:: INFORMATION PROVIDED ::
-------

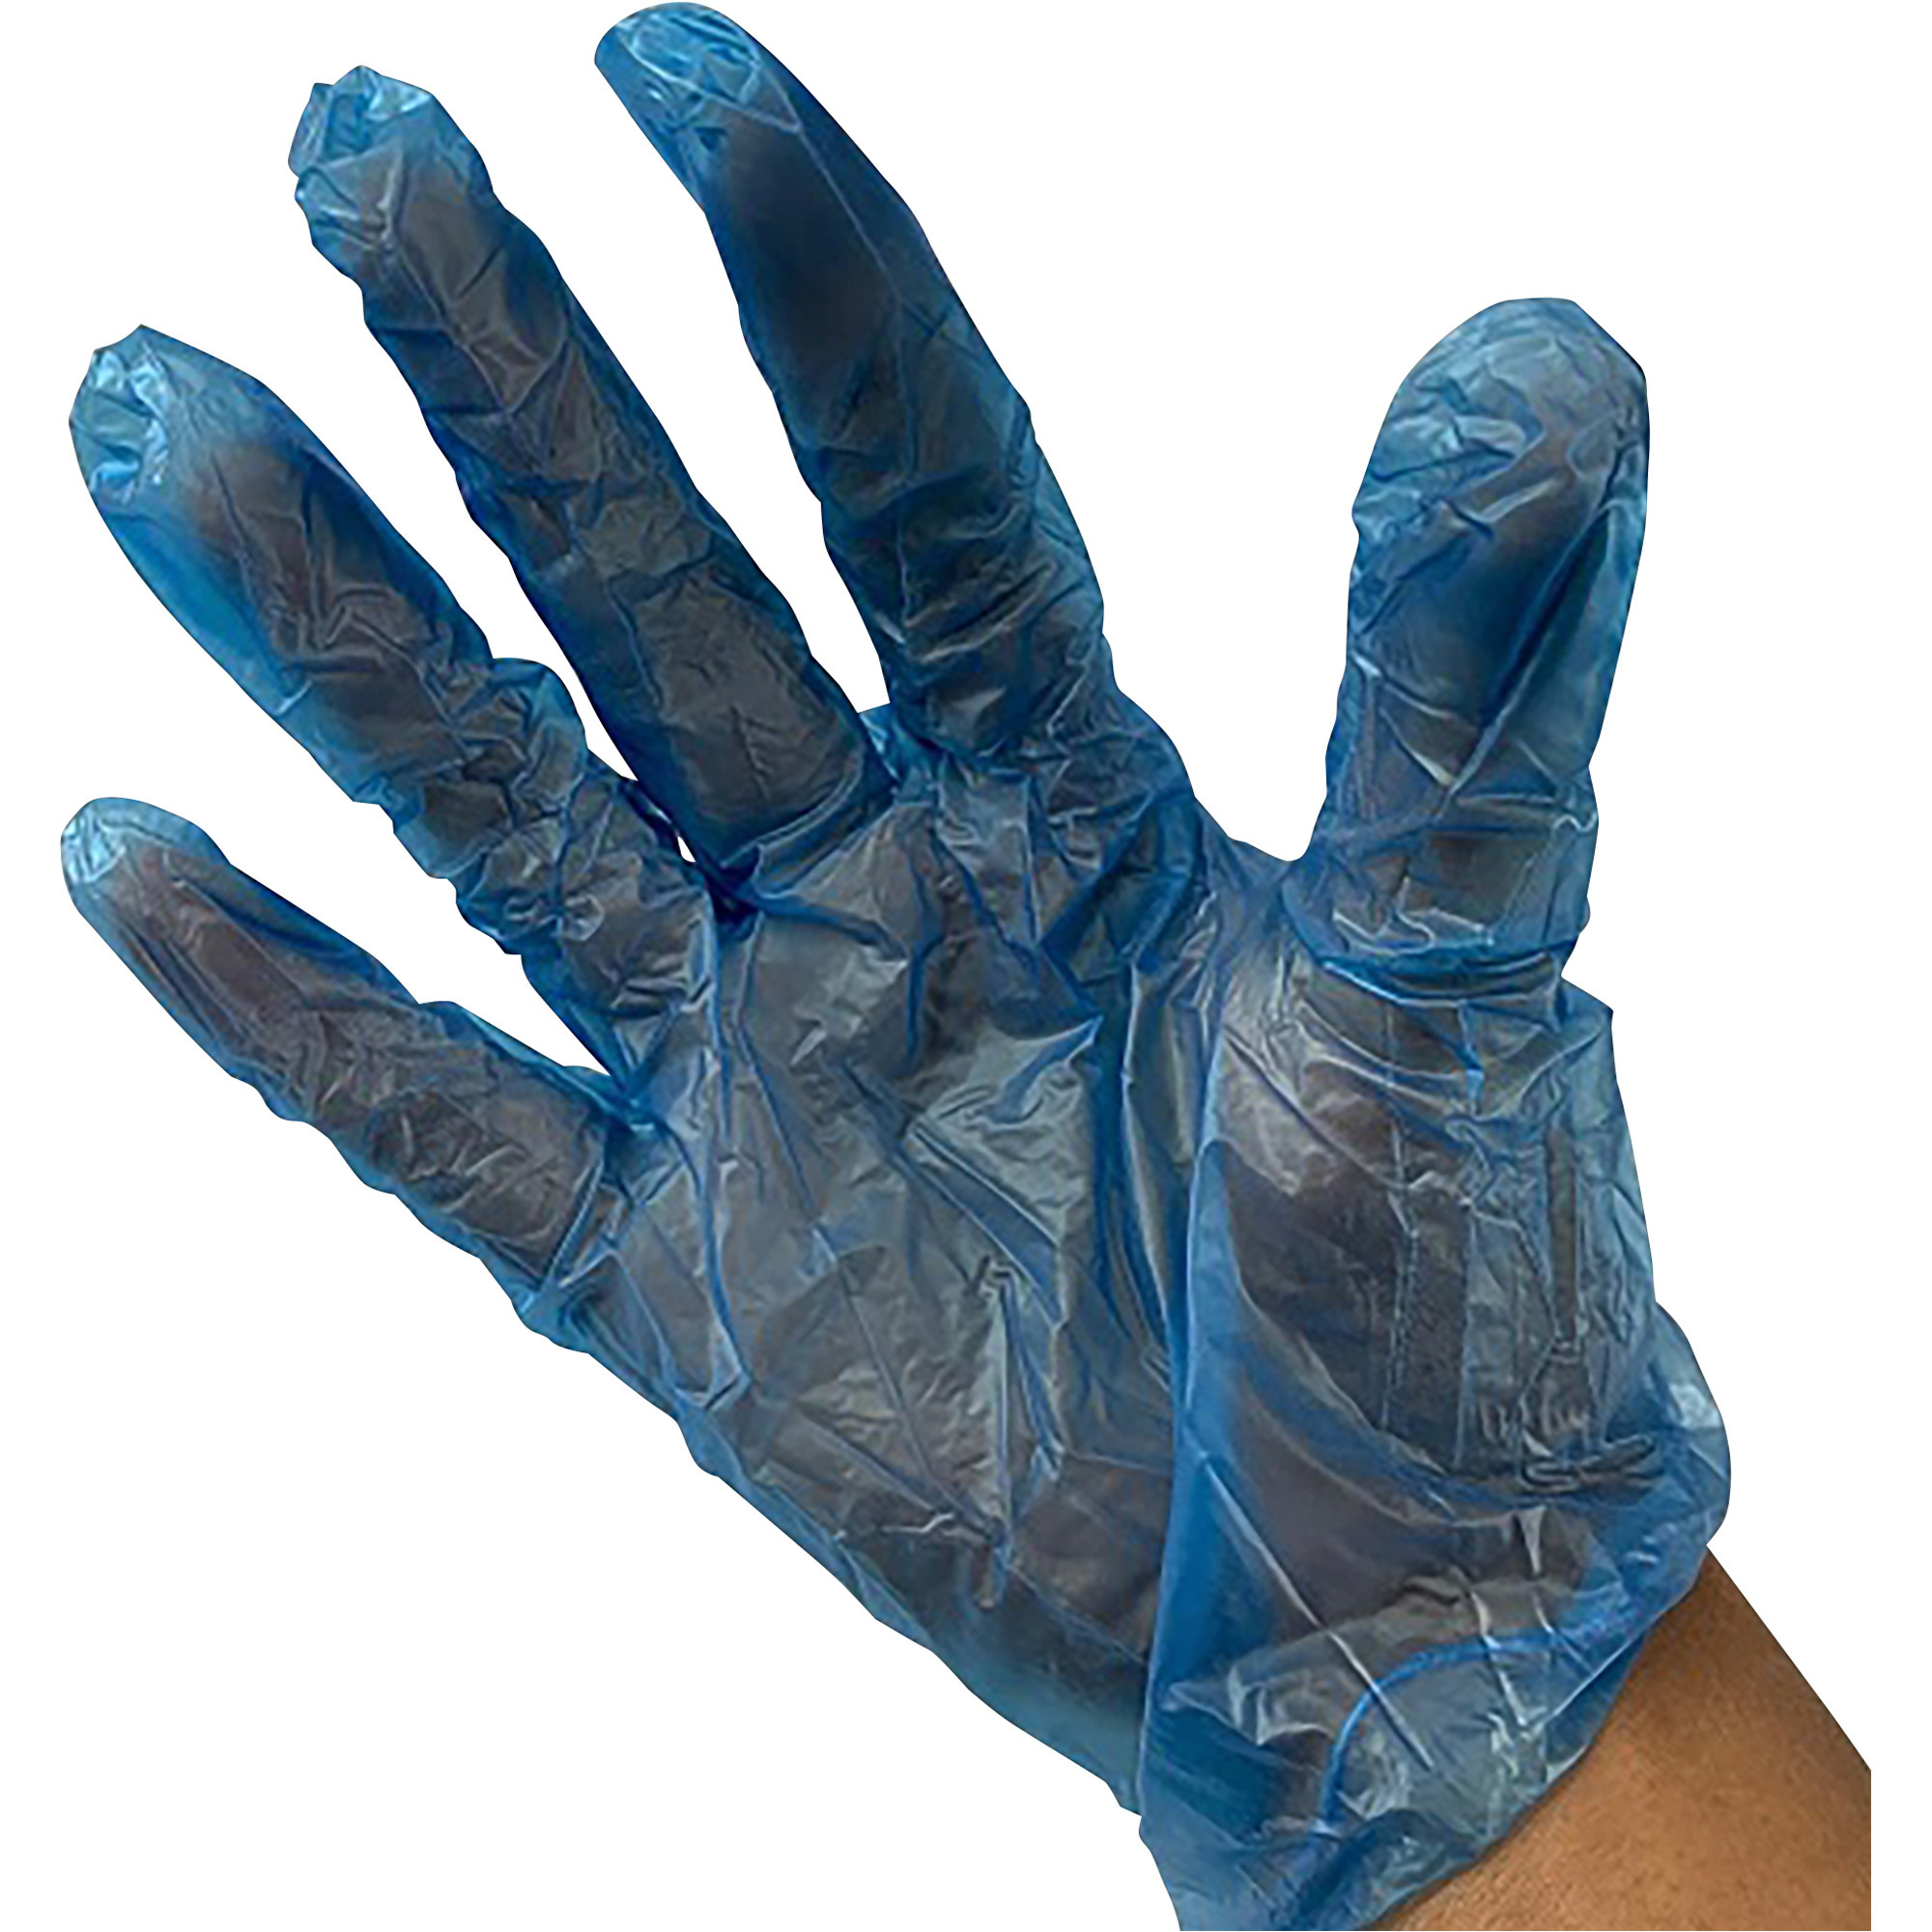 Hawk Disposable Vinyl Safety Gloves â 100-Pack, Blue, Medium, Model GL-42-10WB-M
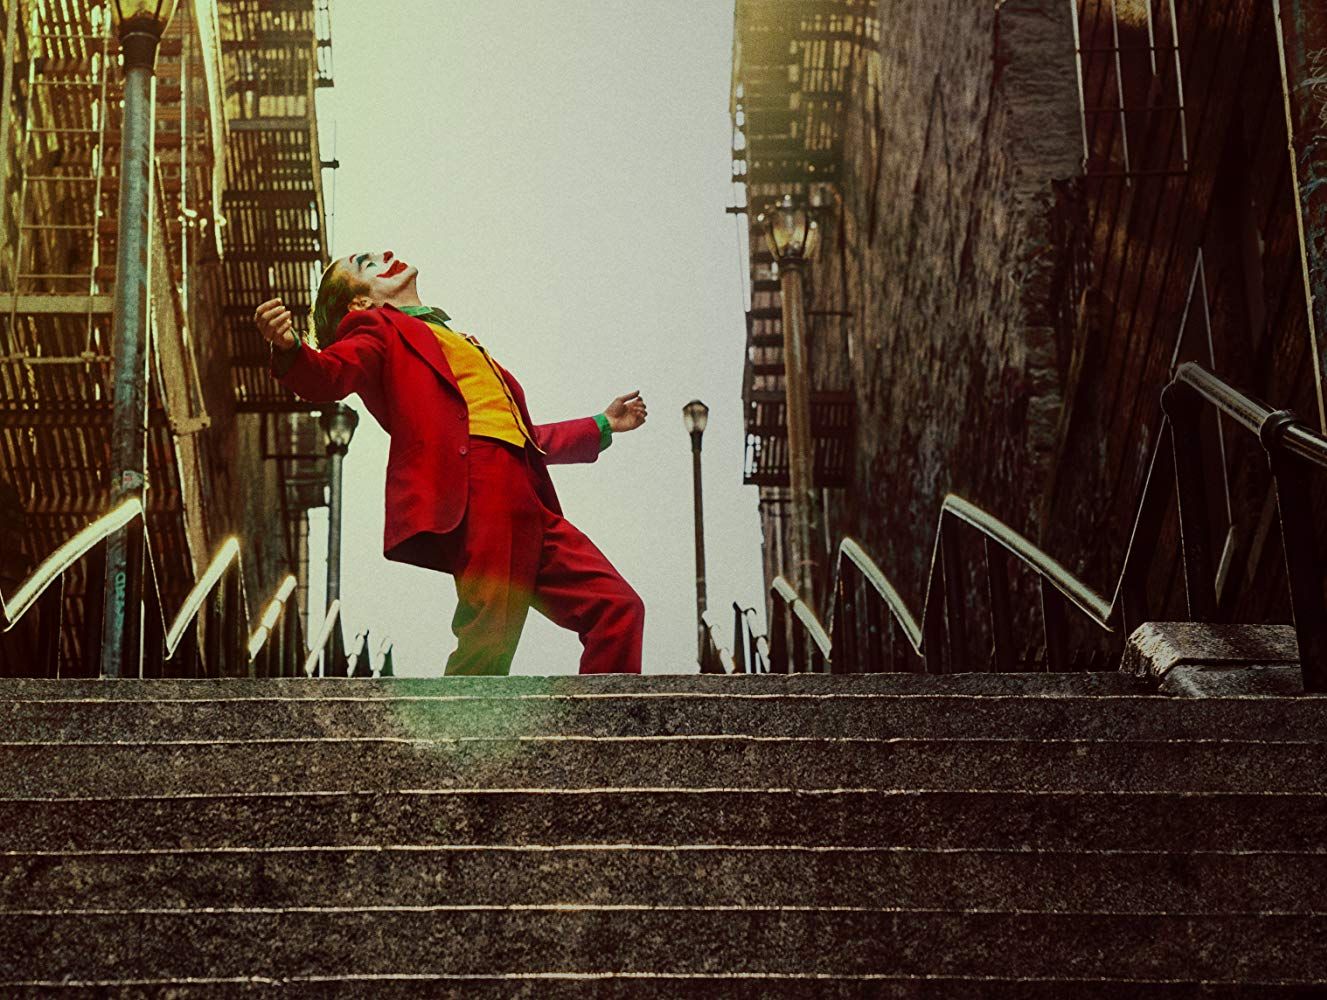 Escaleras película 'Joker' fin fotografías Instagram
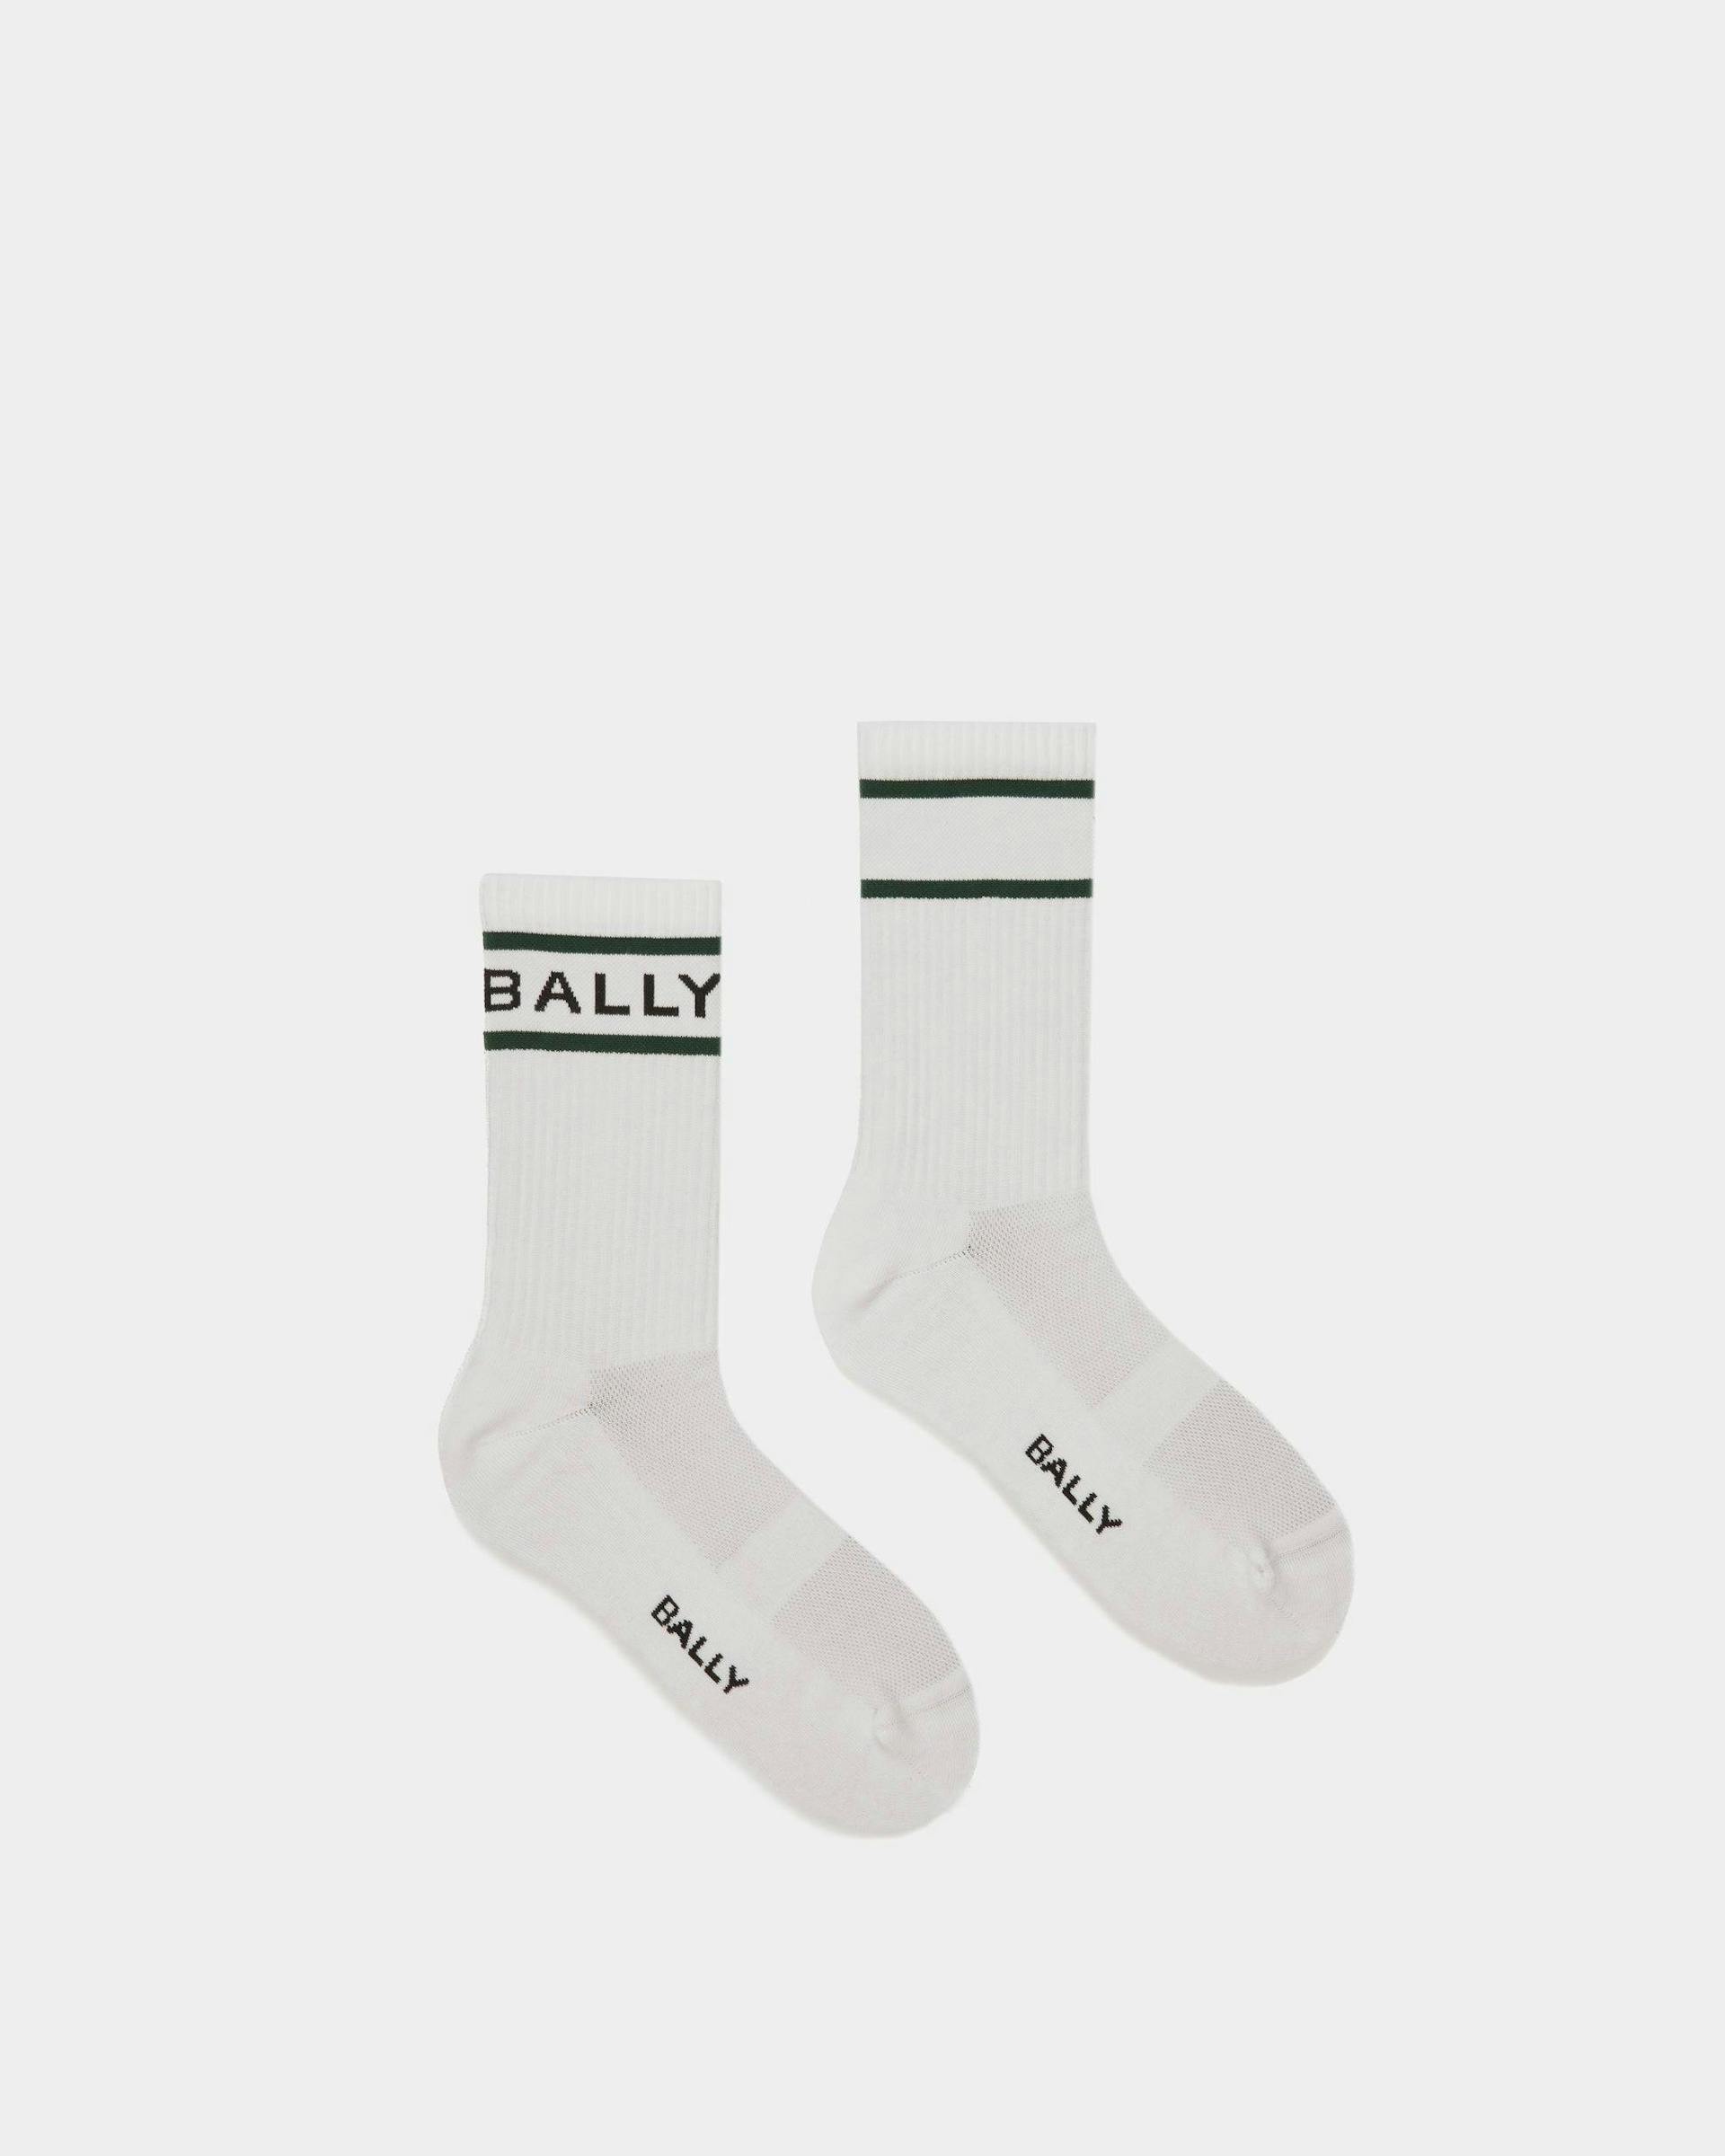 Bally Stripe ソックス ホワイト＆グリーン - 男性 - Bally - 01

-------

:: REQUIRED ACTION ::
Output only the lines that run from the line containing "Escaleras película 'Joker'" to the last line of the data, exactly as they stand and without pictures.

:: EXERCISE RESULT ::
 Escaleras película 'Joker' fin fotografías Instagram
 Bally Stripe ソックス ホワイト＆グリーン - 男性 - Bally - 01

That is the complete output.